За восемнадцать лет, прожитых в степи, среди снега или одуванчиков, она не испытала еще ни разу смутного волнения первых порывов любви. Правда, ждала их и звала бессознательно. И теперь они нахлынули вдруг, горячие, долгожданные.
Вот он — её идеал, этот смуглый красавец, этот новый Владимир Ленский, что целует ее и шепчет ей на ушко:
— Нинуся… Ниночка… Нинуша… Прелесть моя, сказка моя степная, непосредственная… Ниненок мой, одуванчик мой, снежинка моя милая, ведь я влюблен сейчас в тебя… Видишь, влюблен?.. Околдовала ты меня сразу, маленькая колдунья. Ну, так поцелуй же, ну, так приласкай же… Ну, сама поцелуй… Ну, Ниночка…
Ах, какой голос! Ах, какие бархатные нотки в нем! В самую душу просятся. В самую душу вонзаются… И голова от них кружится… И сердце бьется…
И сразу бледнея от приступа и волны первой неудержимой страсти, Нина прильнула к чувственному алому рту, по-детски закинув за шею Радина хрупкие маленькие ручки и шепча словно в забытье: «Владимир Ленский! Владимир Ленский! Мой Димушка! Мой миленький! Мой родной»!
VI
Так же шептала и в отдельном купе, которое занимал с товарищем-попутчиком Радин в поезде и куда уговорил, сняв лыжи, пойти отогреться Нину. Товарищ завел знакомства с барышнями из соседнего вагона и ушел с ними смотреть на расчистку пути, и Дима запер купе на задвижку.

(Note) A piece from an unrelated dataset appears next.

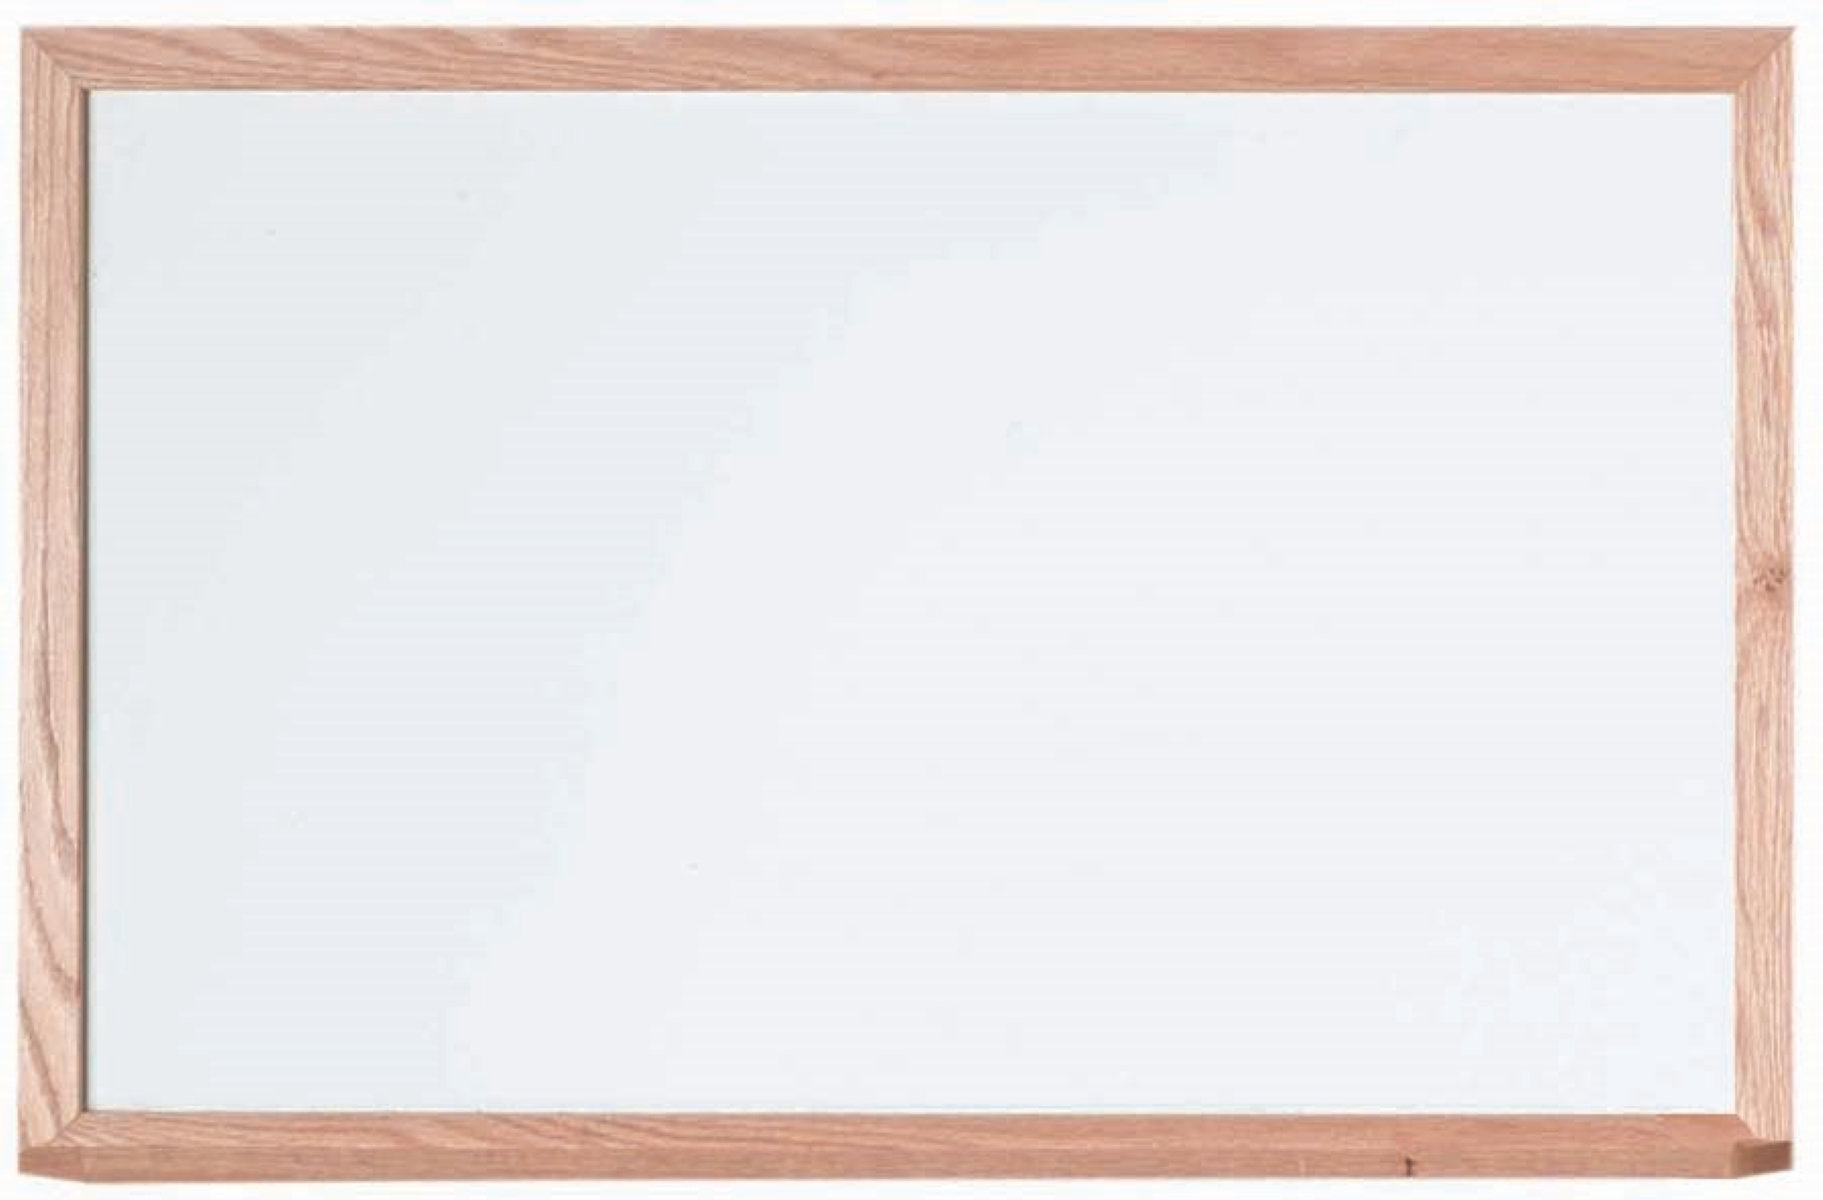 Tableau blanc magnétique effaçable à sec en porcelaine avec cadre en  aluminium Viztex, 36 po x 24 po

Дрожа, но уже не от холода, а от волнения, сидела у него на коленях Нина… Ела конфеты из поставленной перед ней на вагонном столике-полочке коробки, пила налитый из дорожной фляги в микроскопическую рюмку-крышку крепкий и сладкий как сироп ликер.
— Это бенедиктин, — шептал Радин, — всегда беру с собой в дорогу. Пей, пей, не бойся, лучше согреешься… А опьянеешь, — поцелую-расцелую хорошенько и протрезвлю совсем.
Но поцелуи пьянили больше ликера. А тепло и полусвет, господствующие в купе, расслабляли, наводя истому. И постепенно смуглое лицо, склонявшееся над лицом Нины, делалось все больше, все значительнее, все прекраснее. Туманом застлалось зрение. Клокочущая волна залила тело, хлынула в голову, свинцом напитала жилы, и, слабея, с сомкнутыми глазами и тихим криком радостного ужаса, восторга и страха, охмелевшая девушка упала на грудь Радина.